OK, first off I have a 02 12 valve and I am trying to figure out if it is worht modding. I am looking to maybe drag the car and mabye some circuit racing, not so much the latter. I really just want to get a lot of power out of it. I do like the car I just need as much info as i can get.

1. Can I use MKIII 12 valve parts on it?
2. How much power is the stock 5 speed able to hold?
3. How much power can the motor hold stock?
4. Who makes the best parts for the DUB?
5. What parts will i get the best gain from ?
6. Is there any shops in upstate NY that specialize in VW's?

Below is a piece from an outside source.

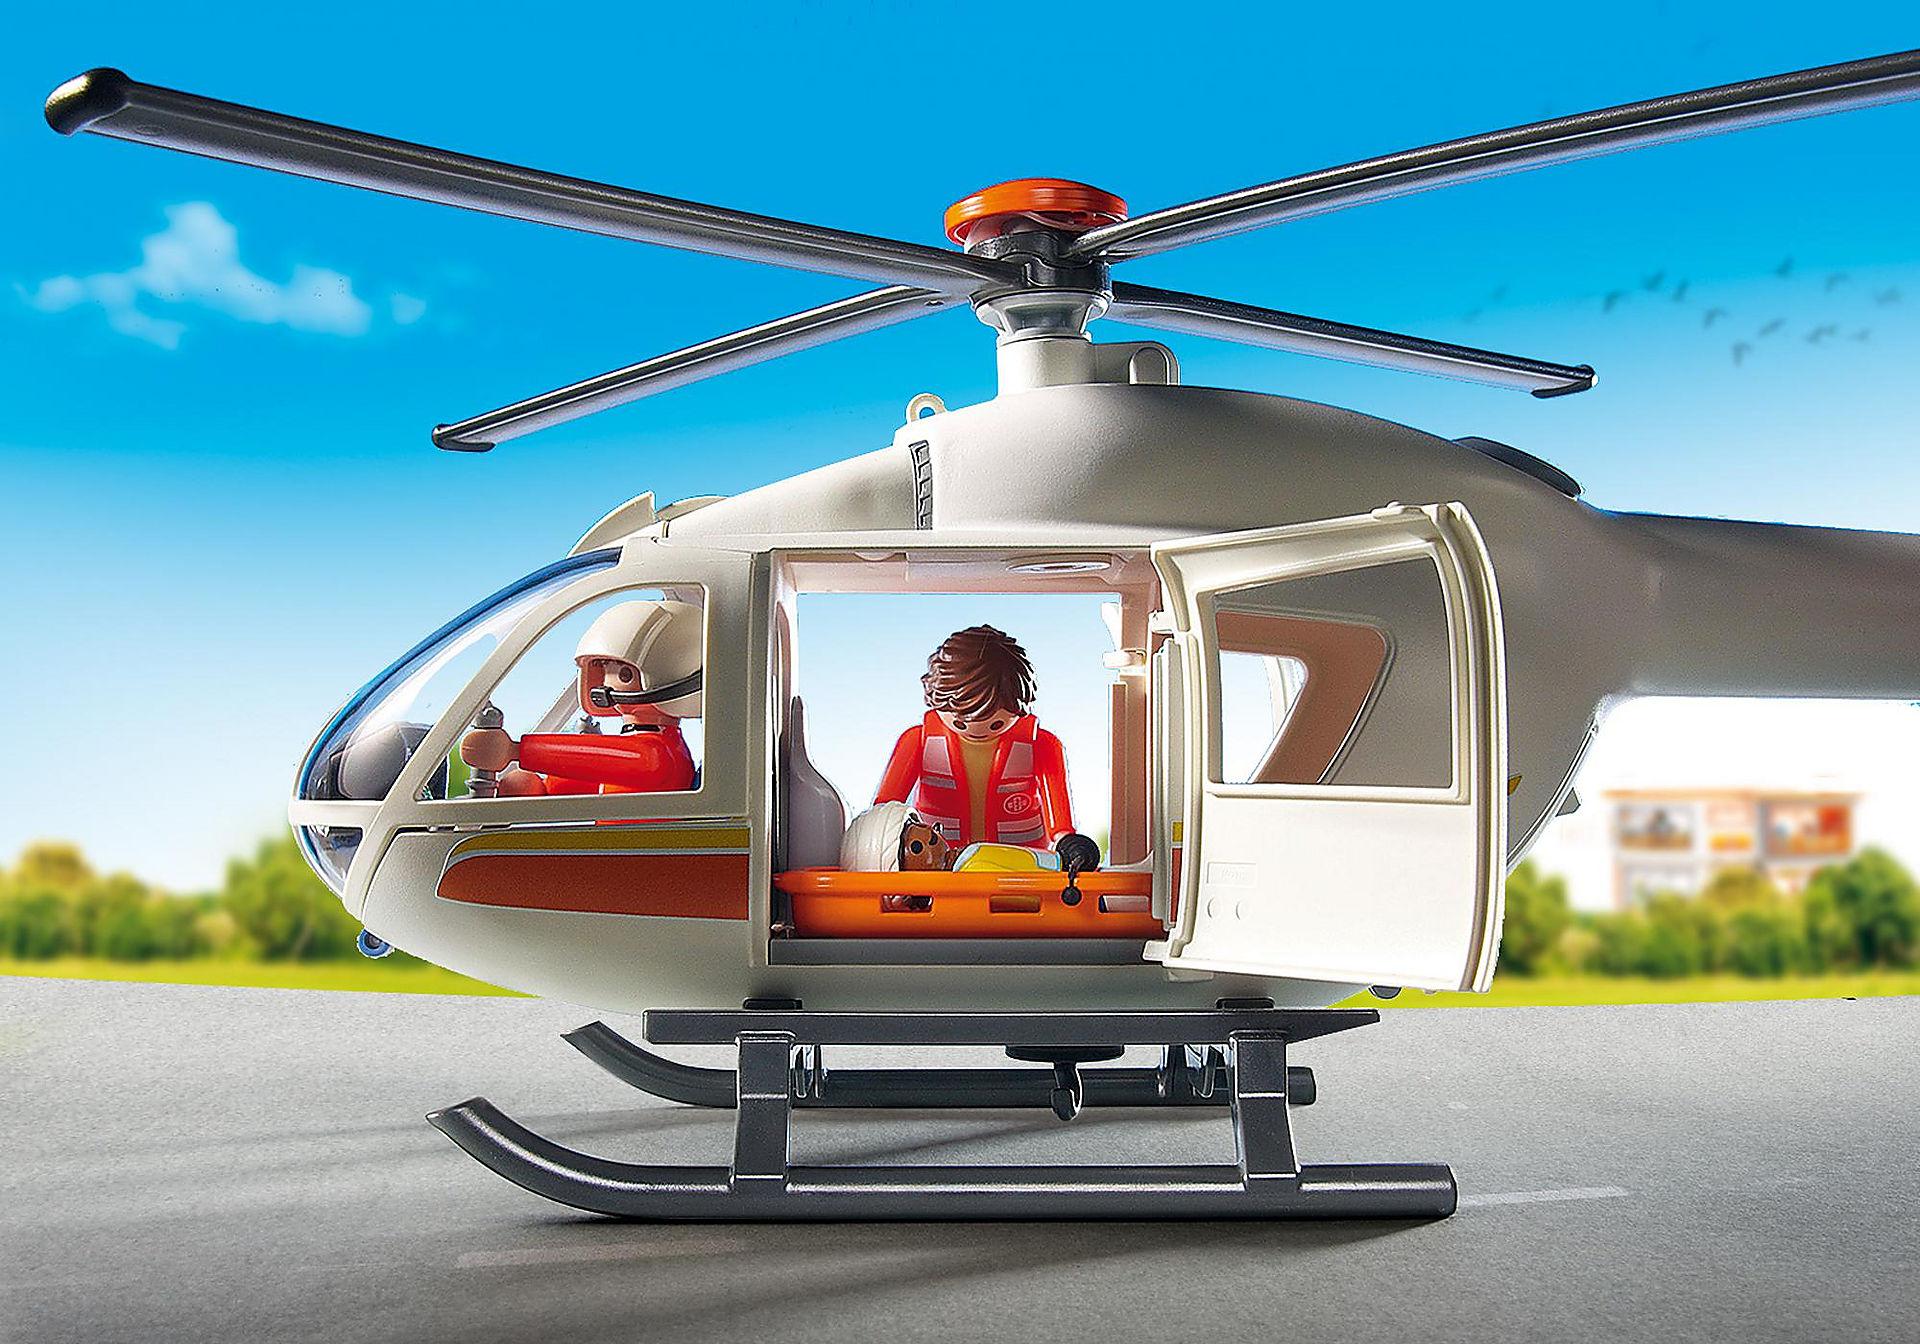 http://media.playmobil.com/i/playmobil/6686_product_extra3/Hélicoptère médical

Any help would be great, I really would like to know because I already have the car and I feel like it should be a good platform to start with.


----------



## goonvr6 (May 31, 2008)

BUMP


----------



## 71camaro (Apr 20, 2009)

goonvr6 said:


> OK, first off I have a 02 12 valve and I am trying to figure out if it is worht modding. I am looking to maybe drag the car and mabye some circuit racing, not so much the latter. I really just want to get a lot of power out of it. I do like the car I just need as much info as i can get.
> 
> 1. Can I use MKIII 12 valve parts on it?
> 2. How much power is the stock 5 speed able to hold?
> ...


1. Yes
2. Between 350-400 ft. Lb. of torque, though depending on wear and other factors, can be more or less
3. Same as above, at least the rotating assembly. Best bet is to run head studs at those levels.
4. No one
5. Turbo. No other answer is right. VR6s are nearly maxed out naturally aspirated stock
6. I'm sure there are.

Search in the tech forums, lots of good info there


----------



## goonvr6 (May 31, 2008)

word thanks, I am going to try to keep this going to get as much info as i can on this but thans again.


----------



## goonvr6 (May 31, 2008)

bump


----------



## goonvr6 (May 31, 2008)

Bump


----------